Portanto, faz-se imperiosa a observância desses direitos, bem como a criação de mecanismos
aptos a resguardá-los. No que concerne ao processo, o postulado fundamental que o tutela é o
devido processo legal, porquanto nele se enquadram todos as exigências necessárias para a
configuração de um processo substancialmente justo.
Nesse contexto, a reclamação constitucional surge como garantia do direito
fundamental ao devido processo legal, uma vez que tem como escopo garantir a autoridade
das decisões proferidas pelo Supremo Tribunal Federal e o respeito à sua competência,
constitucionalmente definida. Percebe-se, assim, que seus objetivos constituem requisitos
essências para se alcançar um processo devido e justo, haja vista que correspondem,
respectivamente, ao princípio da efetividade e ao princípio do juiz natural.

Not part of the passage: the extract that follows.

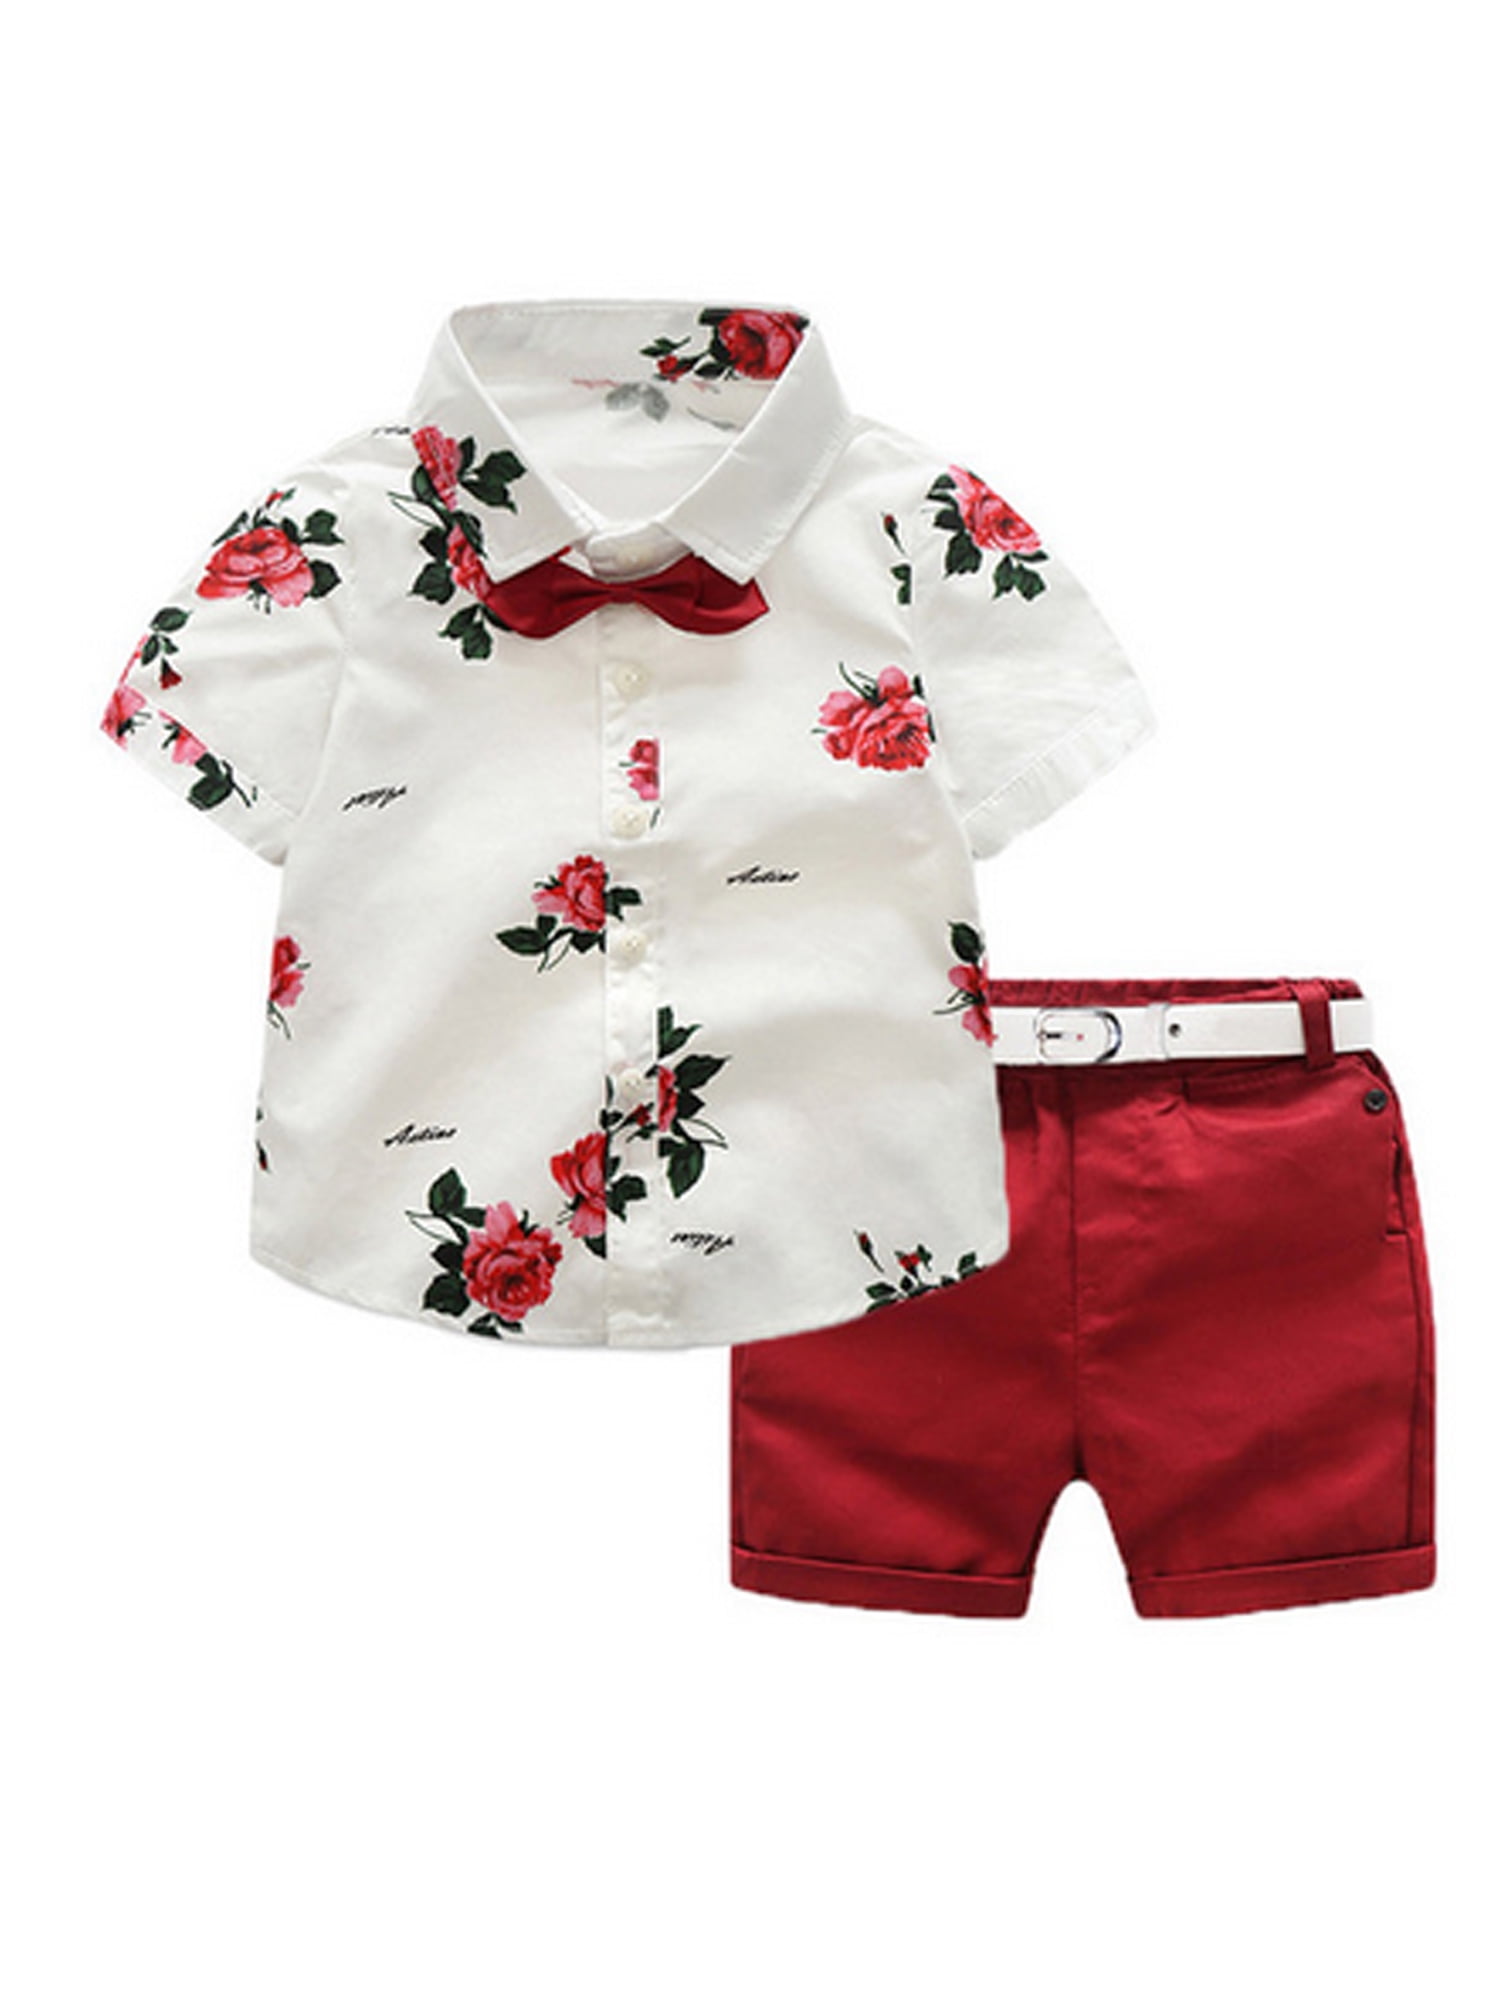 Baby Boys Outfits Short Sleeve T-Shirt Tops Short Pants Kids Summer Clothes

Isto posto, resta demonstrado que a reclamação é importante instrumento de garantia
da supremacia da Constituição Federal e da observância dos direitos fundamentais. Reside sua
relevância na busca da conciliação entre o exercício da função jurisdicional de forma legítima
e eficaz pelo Poder Judiciário com a realidade social, que demonstra a falibilidade do sistema
legal através do descumprimento de decisões proferidas pelo Supremo Tribunal Federal e o
desrespeito às normas de competências definidas pela Carta Magna.